Enhanced Visual Feature Integration: Future research must include sophisticated computer vision (CV) processes to conclusively address the main cause of diagnostic ambiguity, which is the misclassification between the “CORRECT” and “WRONG RESISTOR” states. For granular component identification, this means going beyond static visual data and incorporating object detection and explicit, non-electrical reading of component identifiers (such as resistor color codes). To obtain maximum precision against non-hazardous pedagogical errors while maintaining the fundamental safety goal, this integration offers a deterministic, external feature that may be used to enhance the electrical signatures.
Expansion to Complex Circuit Topologies: Ohm’s Law-based concepts and fault diagnostics for basic series circuits are both well illustrated by the current model. We recommend future research concentrate on expanding the framework’s diagnostic capacity in order to greatly improve its usefulness and domain applicability.
Longitudinal Pedagogical Validation: The main focus of this study is to analyze the student learning outcomes and self-efficacy, which are the ultimate indicators of the ALM framework’s effectiveness.

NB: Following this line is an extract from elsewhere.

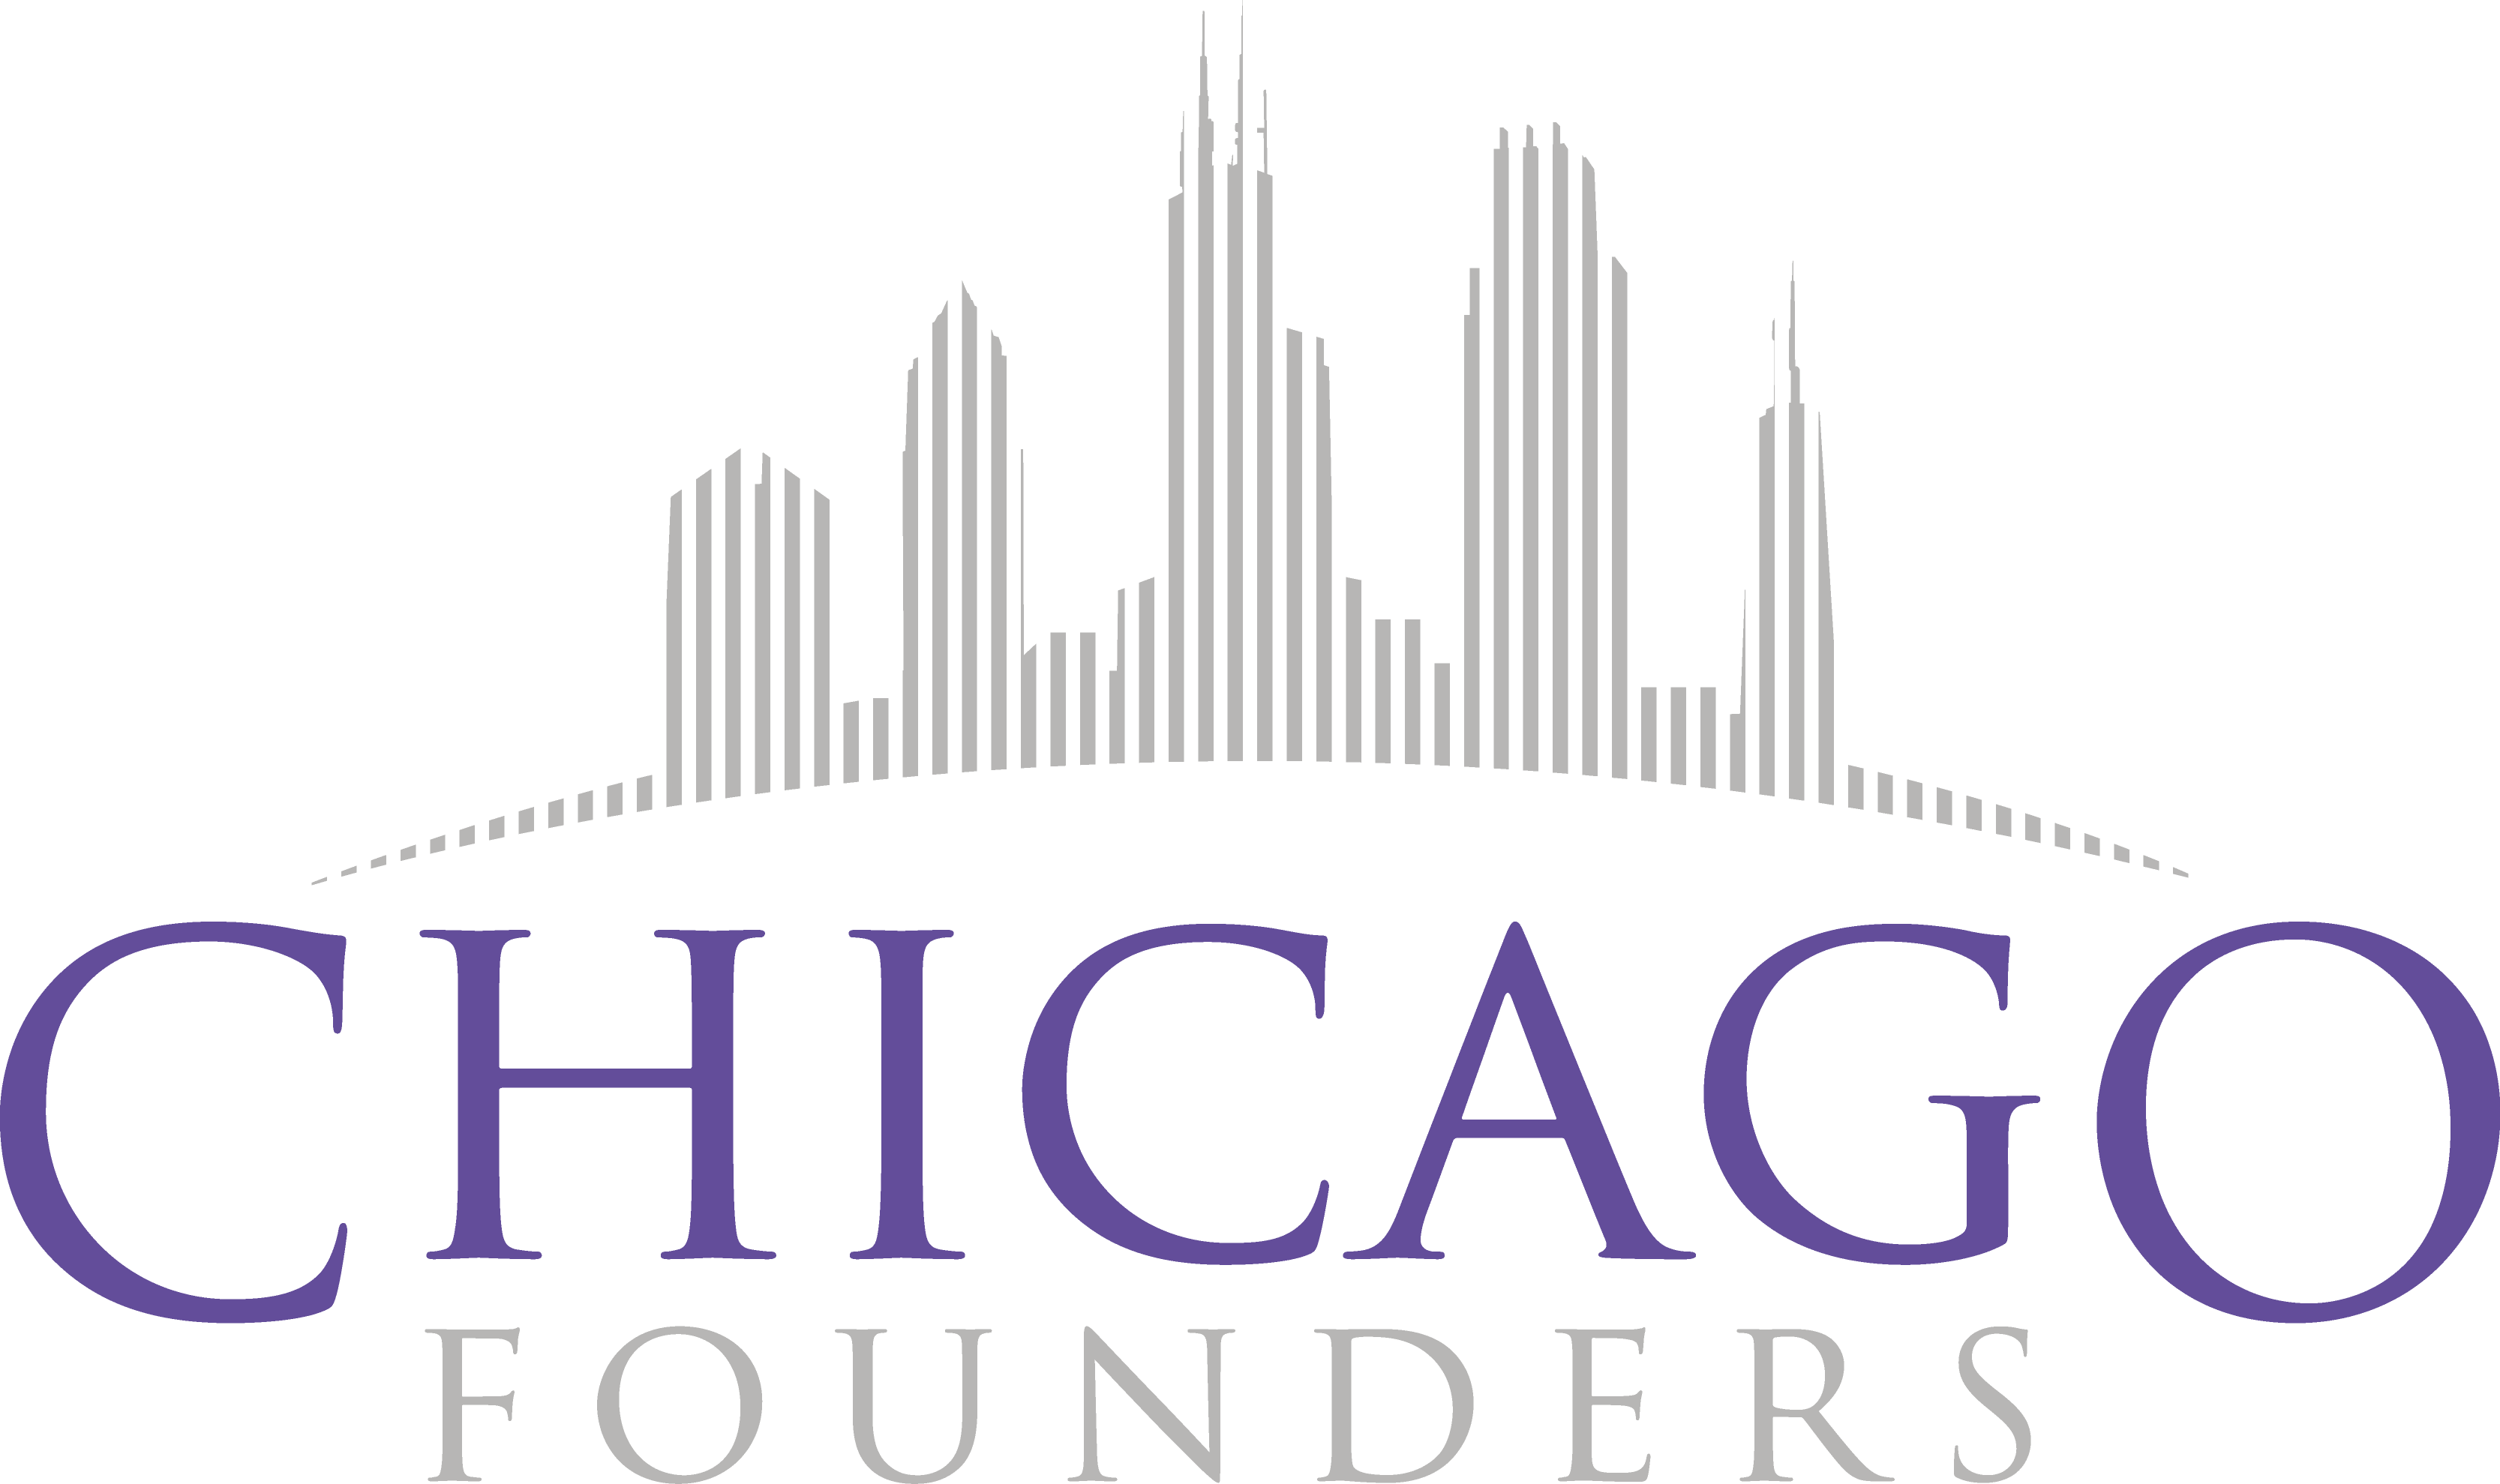 Chicago Founders' Stories @1871: Godard Abel of G2.com, Inc.

In the future, the quantitative comparisons are recommended to analyze learning gains, student persistence rates, and self-efficacy indicators. This strict quantitative validation is necessary in proving the pedagogical worth of the suggested framework.
Model Interpretability and Explainable AI (XAI): As the methods to achieve interpretability, we will use such techniques as SHAP (SHapley Additive exPlanations). This analysis will determine which input properties (e.g., voltage, current, and R_calculated) have the greatest influence in the decisions made by the model of a particular state in a circuit. The outcomes will be combined into the user interface where the students will be able not just to view the diagnosis but to be informed of the logic behind the AI, e.g., ’The system found a short circuit mostly because the current was measured abnormally high.’
A detailed pedagogic assessment of success will also be prepared to gauge student learning gains and engagement after technical implementation.